Edit. OP has indicated, in comments with @YvesDaoust, that the desired shape is the conoid, which indeed fits the surface described by $(1)$. (The parameterization given in the Wikipedia article matches $(1)$, for $r = 1$ and $h = z_0$, and under the coordinate transformation $z \to z_0-z$.) 
The Wikipedia entry states that the volume of the conoid is $\frac{\pi}{2}r^2 h$. This is easily confirmed from $(2)$ ...

$$V = \frac{2}{h} \int_{0}^{h} z \int_{-r}^{r} \sqrt{r^2-x^2}\,dx dz = \frac{2}{h} \int_{0}^{h} \frac{\pi}{2} r^2 z dz = \frac{2}{h}\cdot \frac{\pi}{4} r^2 h^2 = \frac{\pi}{2}r^2 h \tag{3}$$

(where we have recognized the $x$ integral as giving the area of the half-circle of radius $r$).
For surface area, we note that
$$f_x = \frac{-xz}{h \sqrt{r^2-x^2}} \qquad\qquad f_z = \frac{1}{h}\sqrt{r^2-x^2}$$
so that
$$\begin{align}
S &= 2\;\int_{0}^{h} \int_{-r}^{r} \sqrt{(f_x)^2 + (f_z)^2 + 1\;}\; dx dz \\
&= \frac{2}{h}\;\int_{0}^{h} \int_{-r}^{r} \;\sqrt{\frac{
h^2 (r^2-x^2) + (r^2-x^2)^2 + x^2 z^2}{r^2 - x^2}\;} \; dx dz
\end{align}$$
This is a bit trickier to evaluate symbolically. I'll have to return to it.
A: #1.  Yes, you must specify how the circle and segment map to each other.
I've never seen a Calippo, so I can only guess that it uses the "obvious" map.  That is, if we align the segment on the x-axis, the map sends every point on the circle (x,y) to (x,0).  If so, calculating the volume is very easy (just note the difference in cross-sections perpendicular to the x-axis with the same cross-sections of a cylinder), though calculating the surface area isn't so simple.
However, if you used a less obvious map you can arrive at other results.  For example, by mapping all but a small portion of the circle to a tiny portion of the segment, you can make the figure arbitrarily close in volume to a pyramid. 
So until you define the map, questions #2 and #3 can't be answered.  I'd find it fascinating to know under what circumstances could you explicitly calculate the surface area/volume given an explicit map, but that's way past my ability to answer.

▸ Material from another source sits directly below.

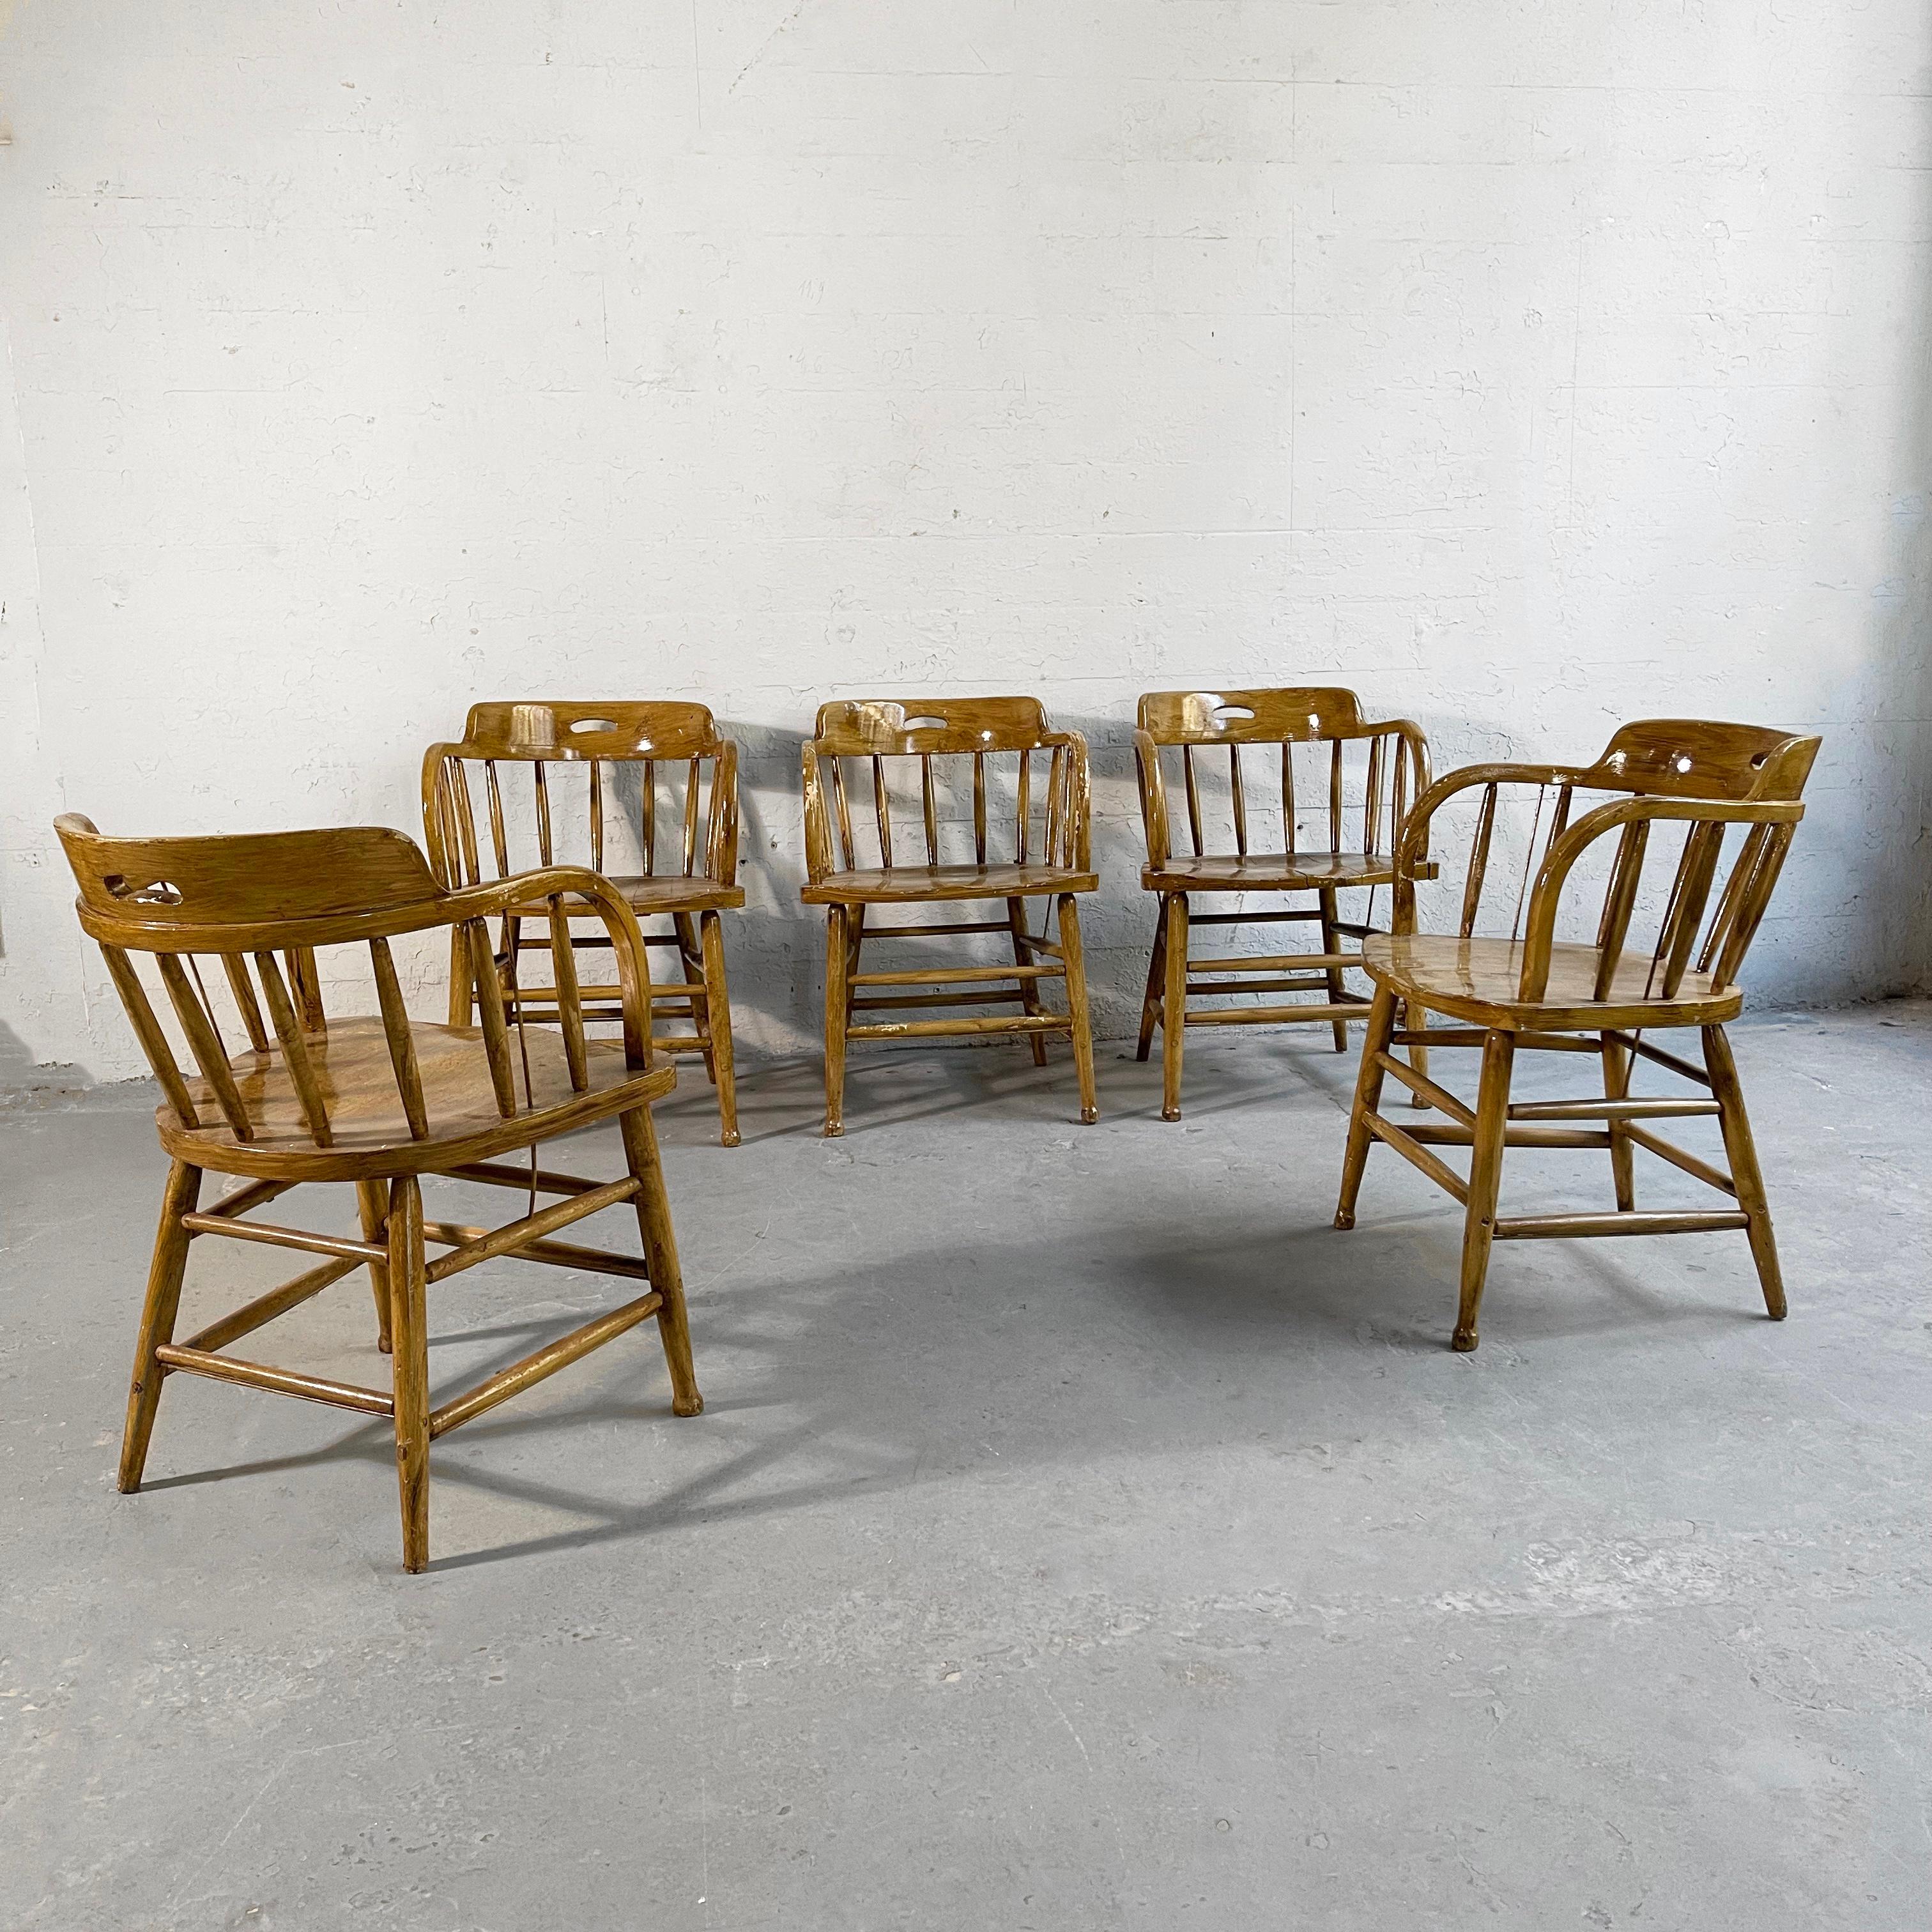 American Craftsman Early 20th Century, Rustic Oak Firehouse Dining Chairs

A: While we are at it we may as well look at the convex hull $C$  of the disc $D_r$ and the segment $\sigma$ arranged as $$D_r:=\{(x,y,z)|x^2+y^2\leq r^2, z=0\}\>,\qquad\sigma:=\{(s,0,h)|-r\leq s\leq r\}\ .$$ The set $C$ is the union of all solid cones with tips on $\sigma$ and base $D_r$. The plane $z=th$, $0\leq t\leq1$, intersects any such cone in a disc of radius $r(1-t)$ with center on the line parallel to $(1,0,0)$ through the point $(0,0,th)$. The union of these discs is a stadium-shaped figure bounded by two semidiscs of radius $r(1-t)$ and two parallel segments of length $2rt$ at distance $2r(1-t)$ from each other. The area of this shape then computes to
$$A(t)=\pi r^2(1-t)^2+4r^2t(1-t)\qquad(0\leq t\leq1)\ ,$$
so that we obtain
$${\rm vol}(C)=h\int_0^1 A(t)\>dt={r^2 h\over3}(2+\pi)\approx1.714\>r^2h\ ,$$
whereas the conoid has volume $\approx1.571\>r^2h$, about $8.35\%$ less.
The surface $\partial C$ consists of two plane isosceles triangles, parts of the two outermost cone mantles, and $D_r$. It should be possible to compute ${\rm area}(\partial S)$ explicitly as well.

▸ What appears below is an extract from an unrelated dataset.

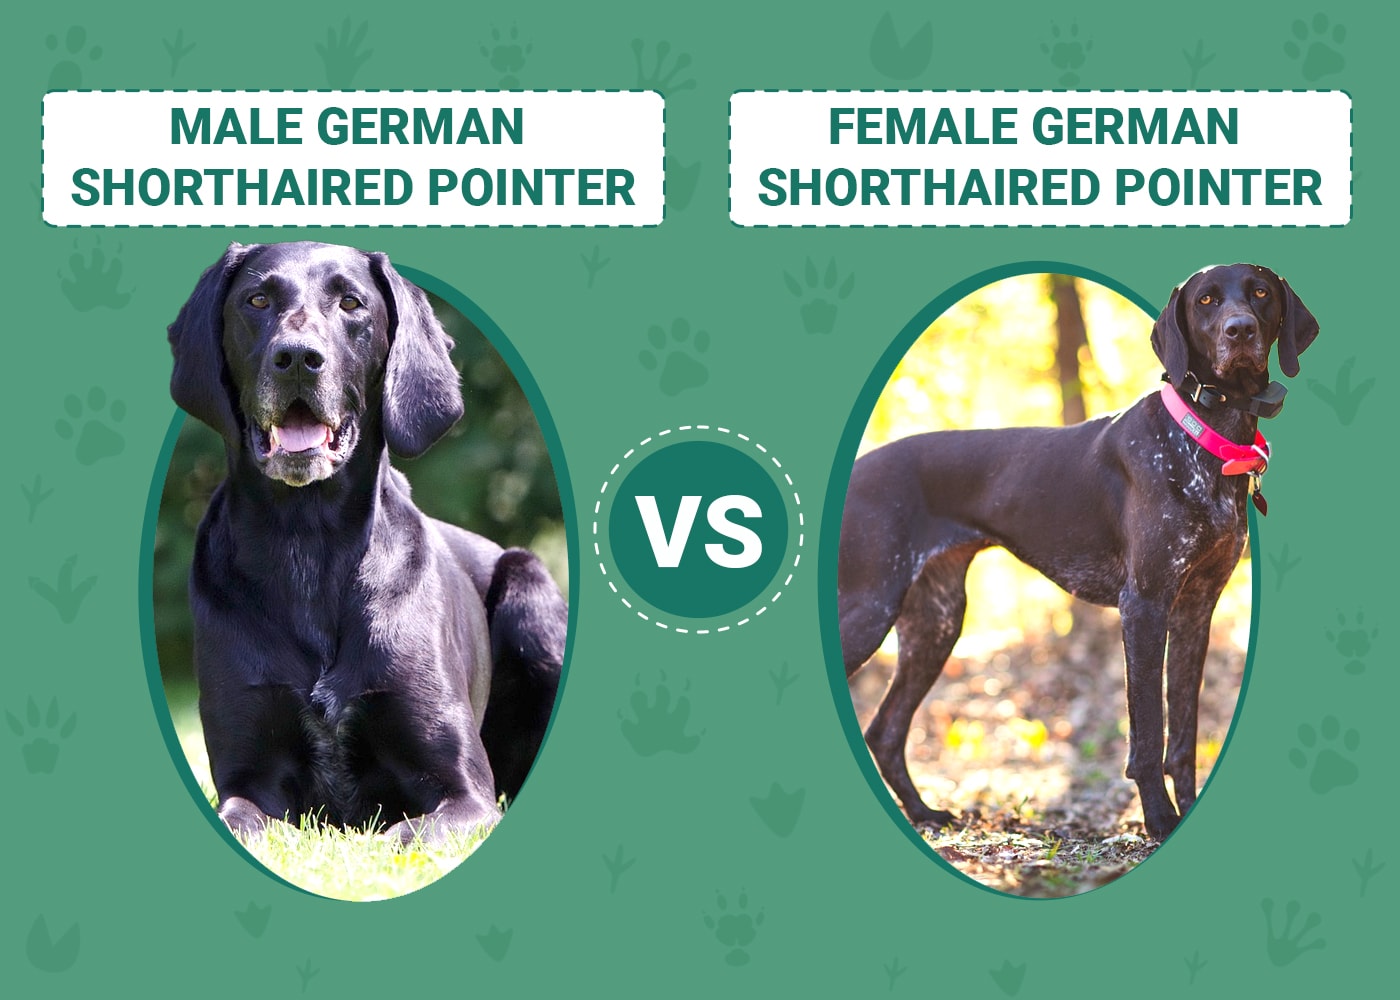 Male vs Female German Shorthaired Pointers

A: I think the shape of "Calippo popsicle" is like a round chisel.
There was a question like this before and this might help you:
Is there a name for a 3D shape that looks like a circle when viewed from one axis, a square from another, and a triangle from the third?

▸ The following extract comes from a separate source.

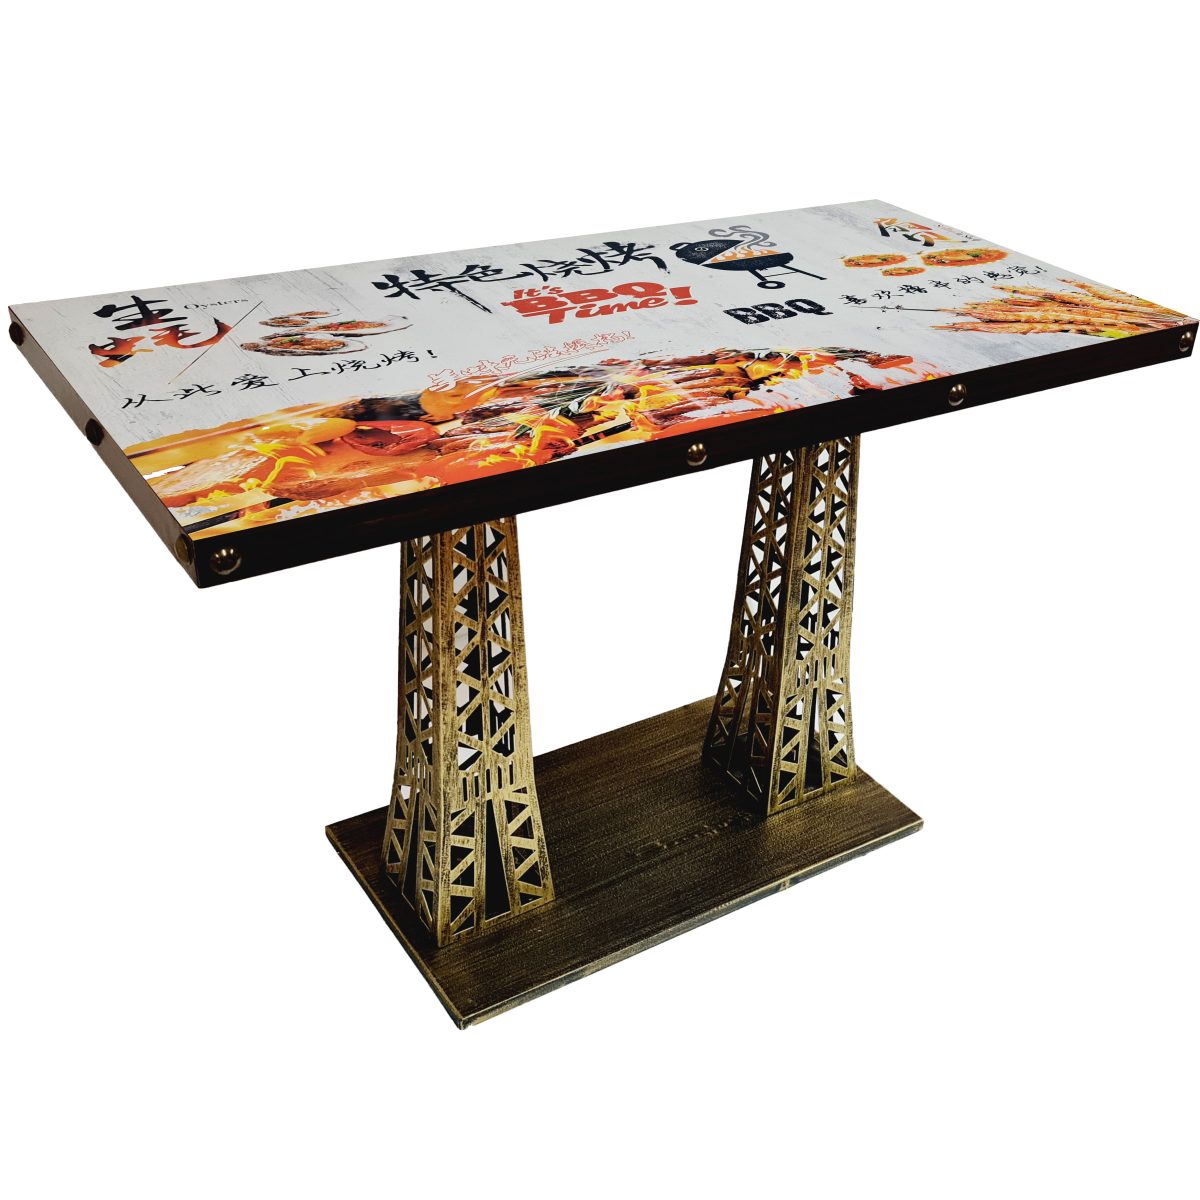 Grill Shop Table

A: Two cutting planes shown symmetric to cone axis meeting below its vertex before removing Region above the planes. What remains is like the Calippo shape of different geometric proportion.
EDIT1:
If $ 2r,2w, h $ ,concurrency of straight cone generators are indicated as being  given, then the truncated shape is uniquely given as part of cone of semi vertical angle= $ \tan^{-1}\dfrac{r-w}{h}.$

EDIT 2:
Oh, may be you are referring to a shape like a long toothpaste tube  right or left conoid? page 61, DJ Struik, ruled surface of parametrization
$$ (x,y,z)= ( r \cos\theta, r \sin \theta, f(\theta) \,) $$ 
$$ f(\theta) = a \theta + b $$ 
with metric 
$$ ds^2 = dr^2 + (r^2+f^{\prime2})\, d\theta^2 $$ 
The special case $ \pi r = 2 w $ is easy, obtained by  isometrically  flattening a circle to a diameter during  manufacture.